The AI image generators are coming for Photoshop
Plus updated AI image generators comparison matrix
The first generation of AI image generators didn’t have much in the way of user interface.
Most were only accessible via an API and/or a basic website, with text prompts the primary means of controlling the output.
Before May, market-leader Midjourney could only be prompted via a Discord server, with simple variations requiring arcane parameters with unforgiving syntax (e.g. generating landscape images required the user to add ‘--ar 16:9’ to the prompt).
DALL·E 3 is predominantly accessed via ChatGPT and Microsoft Copilot, which rewrite the prompts before passing them on to DALL·E, reducing the user’s control over the output.
When I did a comparison of AI image generators in April, Adobe Firefly was notable for having a vaguely 21st century interface, although interacting with any of the drop-downs, radio buttons or sliders would overwrite the previously generated image(s).
Since April, some new image generators have launched and some existing players have added some significant new capabilities.
As well as material improvements to the underlying models, resulting in faster generations, better prompt adherence and text rendering, there’s been a shift towards more sophisticated canvas-based interfaces, where images and text can be combined and reworked.
Here’s a quick round up of developments in AI image generation over the last 8 months:
Imagen
In May, Google announced version 3 of its flagship AI image generator, Imagen, although it wasn’t until August that it was made available in the US via ImageFX and October that it was made available globally via Gemini.
Midjourney
Version 6.1 of Midjourney arrived at the end of July, with minor improvements over v6 all round.
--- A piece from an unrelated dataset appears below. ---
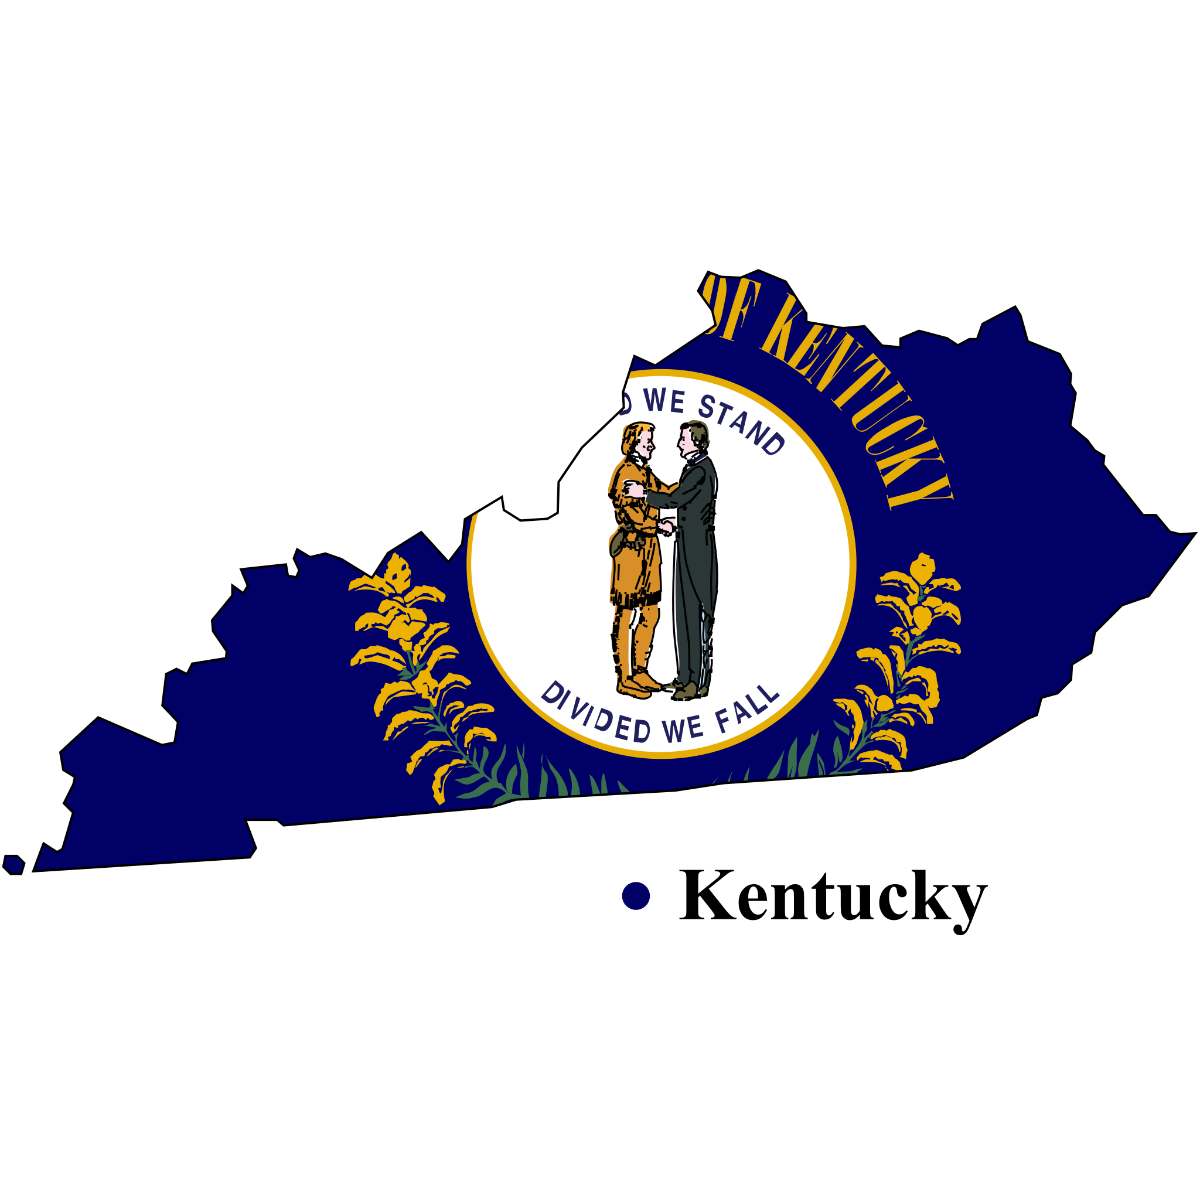 Kentucky State map cutout with Kentucky flag superimposed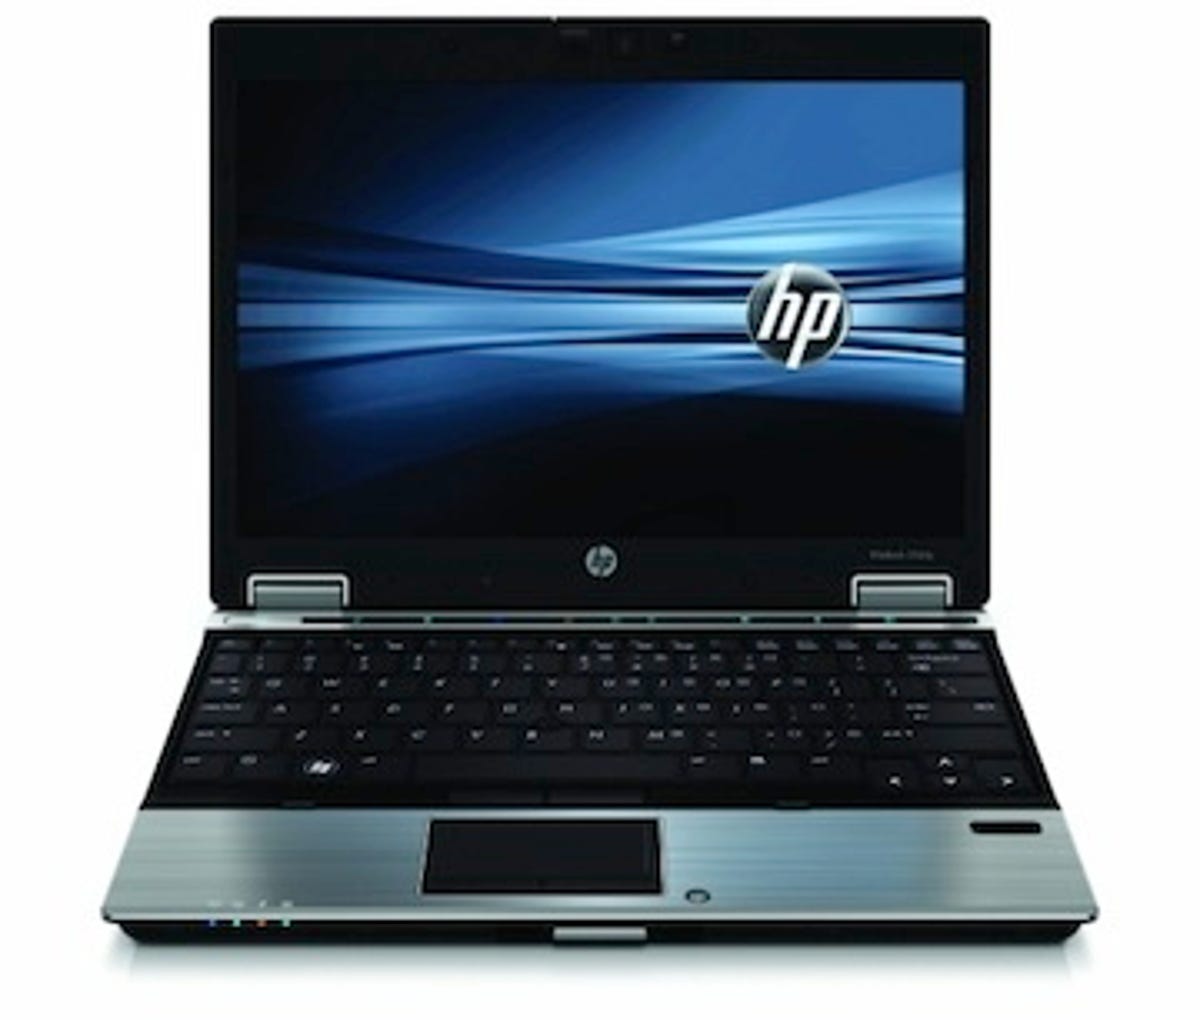 The HP EliteBook 2540p has been a successful business model for HP. Today, this model sports a 12.1-inch screen, weighs about 3.5 pounds, and uses prior-generation Core i5, i7 chips.

It finally opened up its website to all users in August. October saw the introduction of Editor, enabling annual subscribers to upload any image and use AI to edit it, expand it or retexture it.
FLUX
In August, Black Forest Labs emerged from stealth and released the first versions of its FLUX.1 model. They were fast, producing high quality images with strong prompt adherence and text rendering. They also helped popularise LoRA - a technique for fine-tuning models, which has made it much easier to maintain a consistent subject.
FLUX 1.1 Pro models were released in early October and quickly ascended to the top of the Artificial Analysis Image Arena leaderboard (where users rate the output of different models).
Black Forest Labs doesn’t offer hosted versions of its Flux models, but you can access them via creator platforms like Freepik and Krea or via model aggregators like fal.ai, Replicate and Together AI.
Ideogram
In August, Ideogram released version 2.0 of its eponymous model, which introduced styles and colour palette control and improved its prompt adherence, photorealism and text rendering.
In October, Ideogram added Canvas, an infinite canvas for organising, generating, editing and combining images. Equipped with Layers, tools like Magic Fill and Extend and the ability to edit existing images, Canvas moved Ideogram away from rinse and repeat text-to-image prompter towards Photoshop’s turf.
Recraft
In late October, a mysterious new model known as Red Panda appeared at the top of the Artificial Analysis Image Arena leaderboard. Subsequently unmasked as Recraft V3, the new model was accompanied by a new user interface for Recraft. Rather than individual generated images being the default presentation, users are invited to engage with ‘Projects’ which correspond to an extensible canvas, with similar, but slightly more advanced, functionality to Ideogram’s Canvas.
Recraft also enables user to create vector images (which can be scaled without losing resolution) and convert raster images into vector images.
Recraft’s wealth of functionality has created a more complex interface which requires some learning. Fortunately they’ve done a better job than most AI companies (*glares at OpenAI*) at providing simple tutorials.
Runway Frames
Last month, Runway, known primarily for its video generation models, released a new image generation model, Frames, with the promise of “unprecedented stylistic control”. However, access to the model is being rolled out gradually to Runway subscribers and I don’t seem to have access yet.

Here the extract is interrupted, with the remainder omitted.